Portraits de femmes mozambicaines
dans O Regresso do Morto de Suleiman Cassamo*
João Carlos Vitorino Pereira
(Université de Lyon II)
Suleiman Cassamo est un jeune écrivain mozambicain talentueux qui offre de son pays
- l'un des plus pauvres de la planète - une image lucide dans son recueil de nouvelles réunies
sous le titre O Regresso do Morto1. En effet, il n'ignore pas les énormes difficultés contre
lesquelles son peuple se débat, évoquant avec pudeur - c'est-à-dire sans misérabilisme - la
pauvreté, la famine, l'analphabétisme, le manque de conscience politique et, surtout, la
violence. Il sait que pour améliorer leur situation, les Mozambicains devront lutter encore
longtemps, le thème de la lutte étant d'ailleurs le pivot de la nouvelle intitulée «Casamento de
um casado».
Cependant, dans cette vision sombre, mais clairvoyante, il y a place pour un peu
d'espoir, incarné par le personnage de la femme qui figure pratiquement dans toutes les
nouvelles. Sur les dix que compte le recueil, on peut remarquer que cinq titres signalent très
explicitement le rôle prépondérant que le personnage féminin jouera dans ces courts récits qui
constituent autant de portraits de femmes mozambicaines2.

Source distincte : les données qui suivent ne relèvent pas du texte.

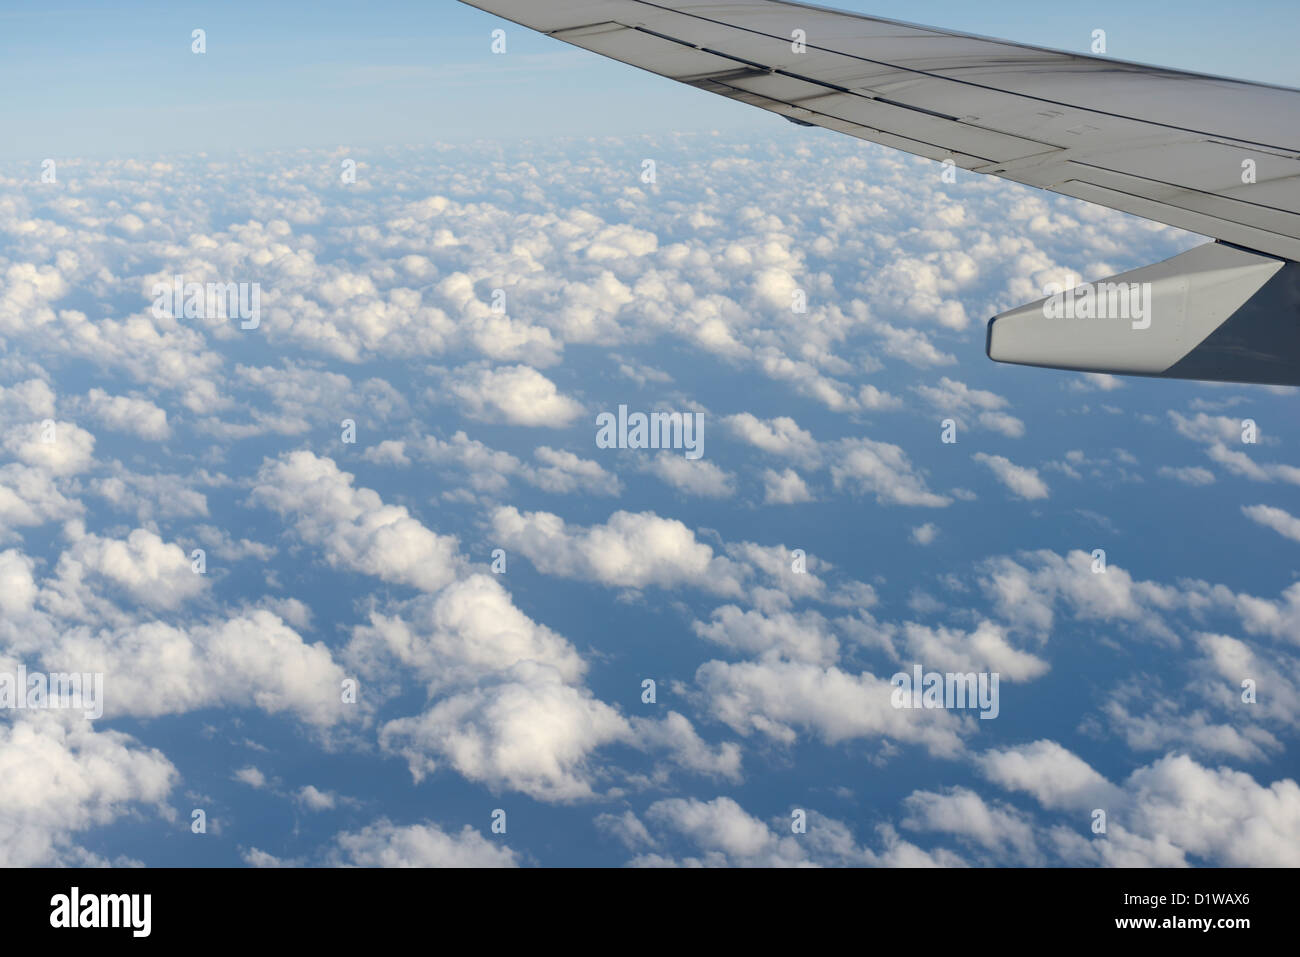 Ala de avión comercial por encima de las nubes, la vista desde la ventana Foto de stock

Ainsi, le personnage de la femme, en raison de son omniprésence, confère une certaine
unité au recueil qui présente toujours des femmes prises dans la tourmente de la vie
quotidienne. Jeunes ou vieilles, de la ville ou de la campagne, vivant à l'époque coloniale ou,
surtout, postcoloniale, elles ont toutes un trait de caractère en commun : le courage ou l'envie
de lutter, expression sans doute plus appropriée eu égard à l'univers dans lequel elles évoluent.
De plus, elles transmettent toutes au lecteur la même énergie vitale, ce qui rend sans doute la
lecture de cette œuvre particulièrement agréable et stimulante.
En somme, l'auteur, à travers ses personnages féminins qu'il traite avec beaucoup de
tendresse3, assigne à la femme un rôle très important pour l'avenir de la société
* Cet article a été publié dans la revue universitaire Quadrant, n° 16, 1999, p. 87-104.
1 Dans cet article, nos citations seront empruntées à l'édition bilingue Le Retour du mort, Paris, Ed.
Chandeigne / Ed. Unesco, 1994.
2 «Ngilina, tu vai morrer», «Laurinda, tu vai mbunhar», «Nyeleti», «Madalena, xiluva do meu coração»,
«Vovó Velina».
3 Sous le titre «Madalena, xiluva do meu coração», on peut lire la dédicace suivante : «Às raparigas da
minha terra natal».
1
mozambicaine, ce rôle étant moins économique que culturel. C'est cet aspect que nous allons
maintenant aborder et que Robert Bréchon, dans sa présentation du recueil, effleure en ces
termes :
«Sa tendresse va d'abord et surtout aux femmes, éternelles victimes de
cette société traditionnelle que pourtant elles seules font vivre. 'La femme,
dit-il, dans une interview, est la pierre angulaire de la société rurale.'
L'homme, lui, est absent ou inconsistant, plusieurs fois aliéné, par la
colonisation, par la civilisation technicienne, par la pauvreté, par la
révolution et la guerre. […] 'Le retour du mort, dit Cassamo, est un chant
d'amour. La femme est le pont qui relie l'auteur à cet amour pour sa terre.'»
(p. 10, 11).
Si le statut social distingue les personnages féminins, ce qui les différencie surtout,
c'est le rôle que l'auteur attribue à chacun dans ses nouvelles. En conséquence, chaque type
de personnage féminin remplira une fonction précise dans le récit et contribuera à éclairer le
lecteur sur la condition de la femme dans la société mozambicaine.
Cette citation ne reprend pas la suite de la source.